Sejarah Teluk Naga Tangerang, Asal Mula Gerbang Masuk Pedagang Tiongkok

2 months ago 34

Sejarah Teluk Naga Tangerang konon katanya menjadi gerbang masuk para pedagang asal Tiongkok. Teluk Naga sendiri merupakan sebuah kecamatan di Kabupaten Tangerang, Banten. Kecamatan ini terkenal sebagai salah satu wilayah dengan akulturasi budaya yang sangat kental. 

Baca Juga: Sejarah Candi Tugu Semarang, Perbatasan Majapahit – Pajajaran

Kawasan ini menjadi bukti nyata percampuran budaya Tionghoa dan tradisi lokal Banten yang harmonis. Lokasinya strategis, dekat dengan Bandara Internasional Soekarno-Hatta.
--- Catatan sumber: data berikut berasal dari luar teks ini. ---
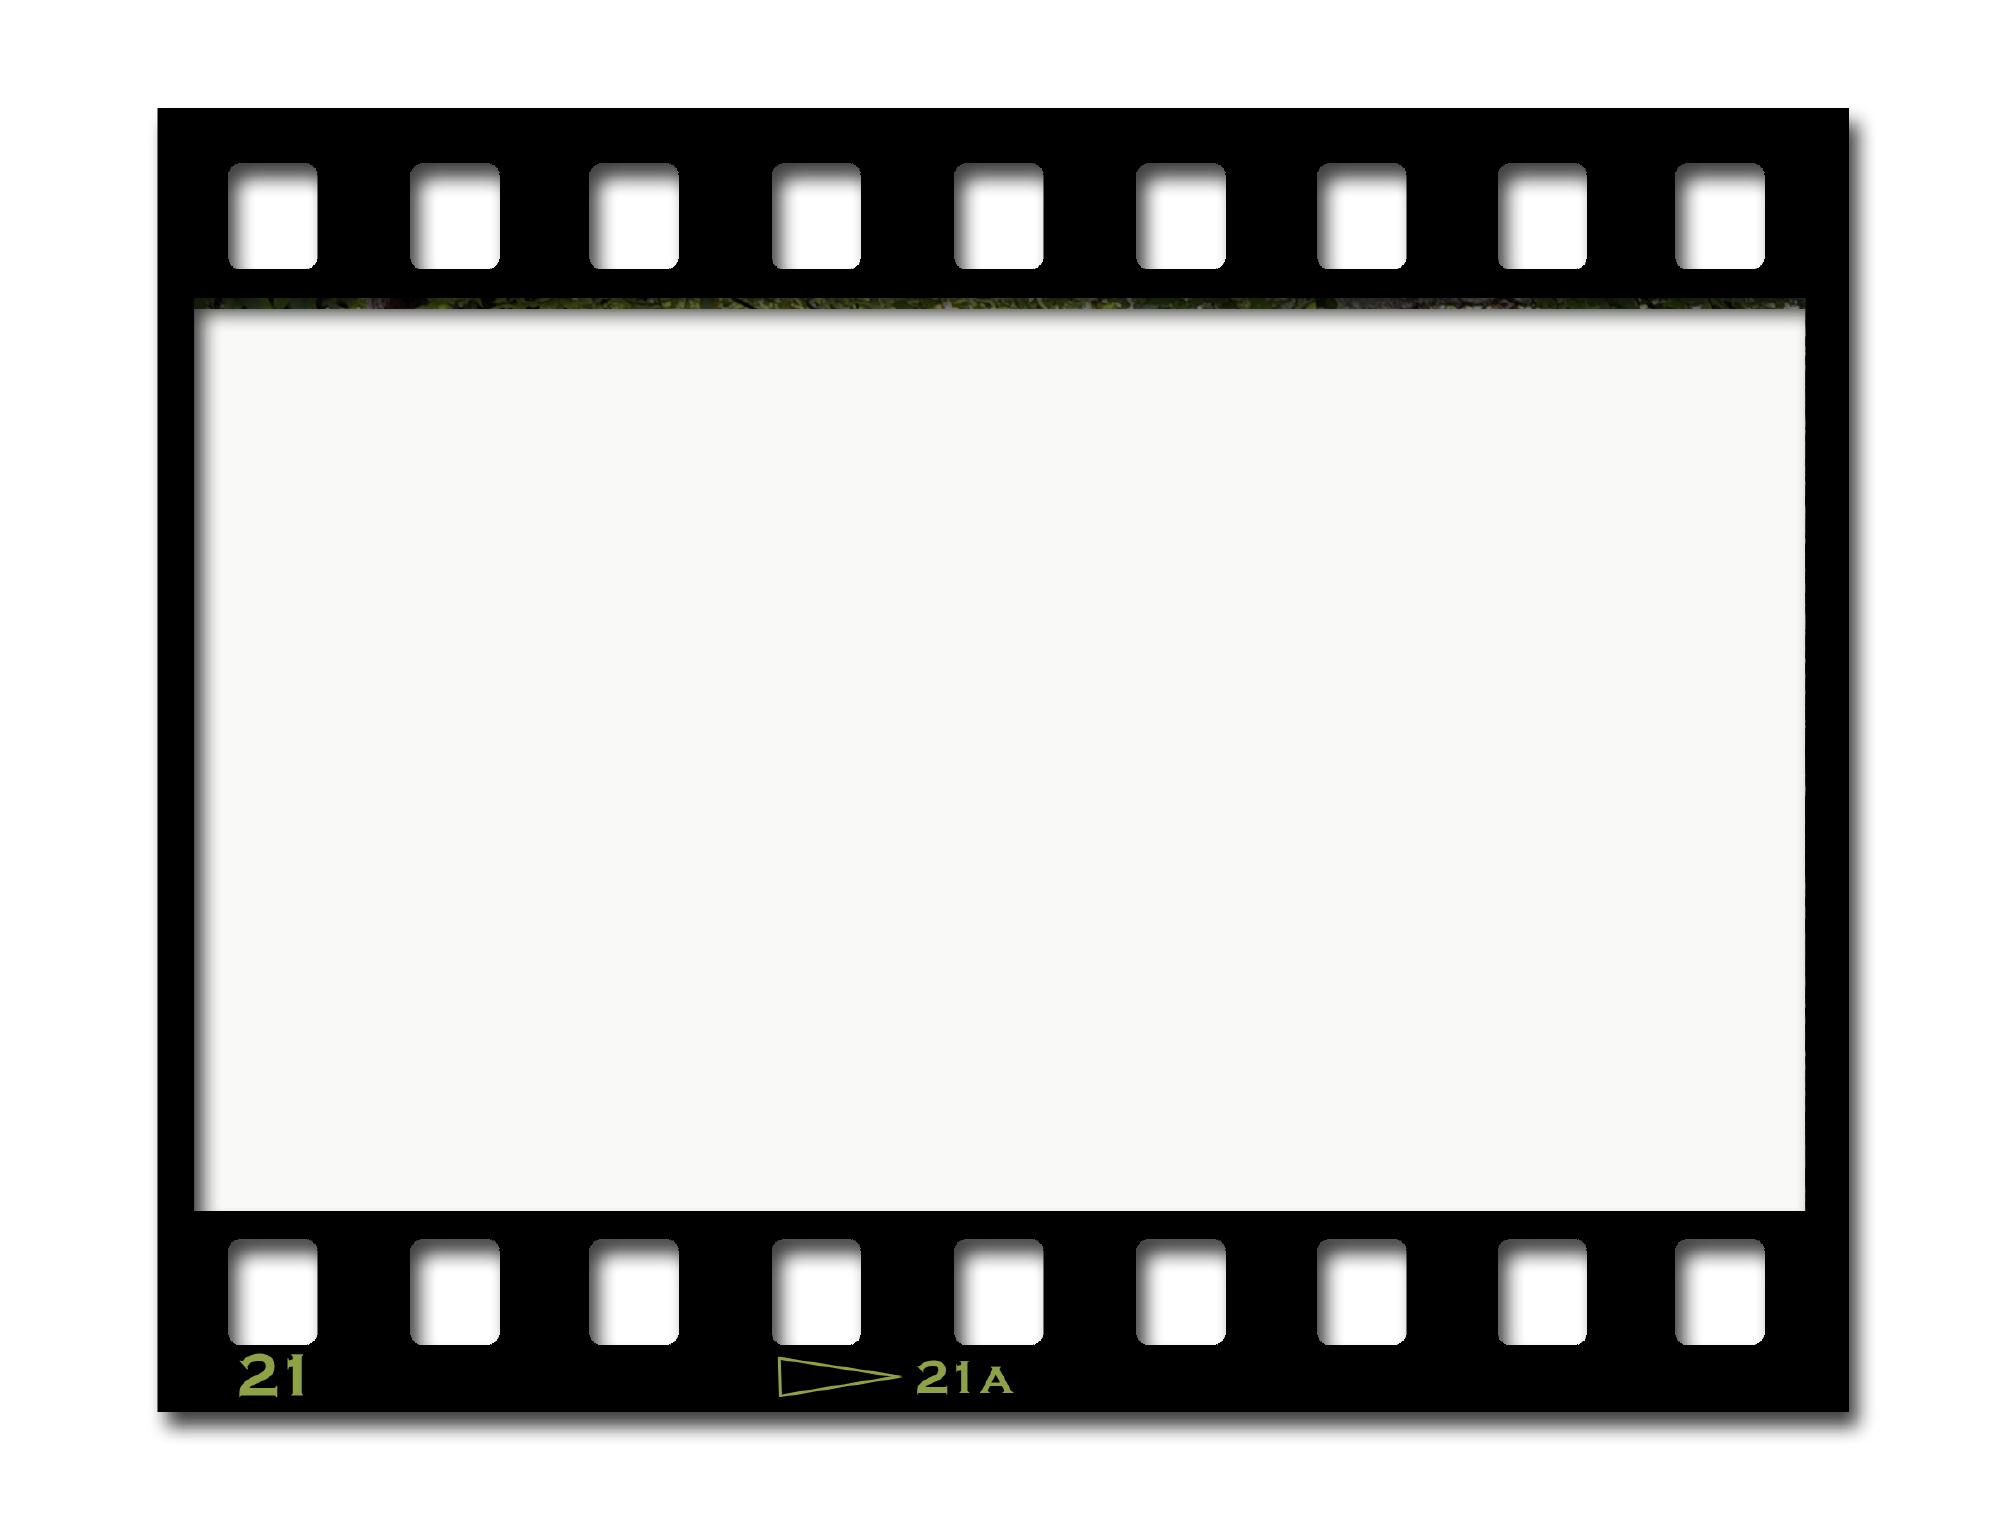 2000x1533 Movie Reel Movie Film Strip Clip Art Image 3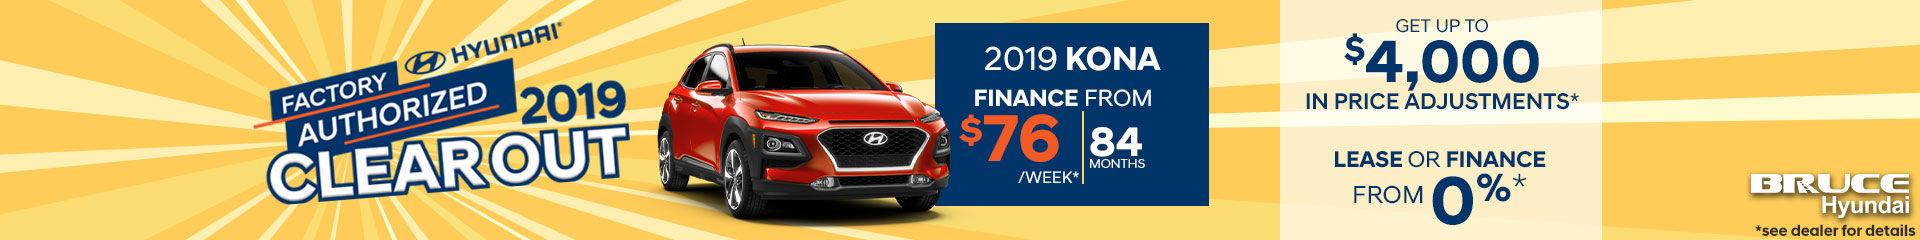 Finance the 2019 Hyundai Kona

Hal itu menjadikan Teluk Naga sebagai daerah yang penting secara historis maupun geografis.

Sejarah Teluk Naga Tangerang, Harmoni Budaya Tionghoa dan Banten

Sejarah Teluk Naga bermula pada tahun 1407, ketika sebuah rombongan pasukan dari Tiongkok, yang berada di bawah pimpinan Laksamana Chen Ci Lung, terdampar di sebuah teluk di Desa Pangkalan. Kapal perang mereka berhiaskan ukiran berbentuk kepala naga, yang kelak menjadi inspirasi nama daerah ini. 

Penduduk setempat, yang berada di bawah pimpinan Adipati Anggalarang, menerima kedatangan mereka dengan tangan terbuka. Laksamana Chen Ci Lung yang populer sebagai Panglima Ha Lung di kalangan masyarakat, dan pasukannya memutuskan untuk menetap di desa tersebut. 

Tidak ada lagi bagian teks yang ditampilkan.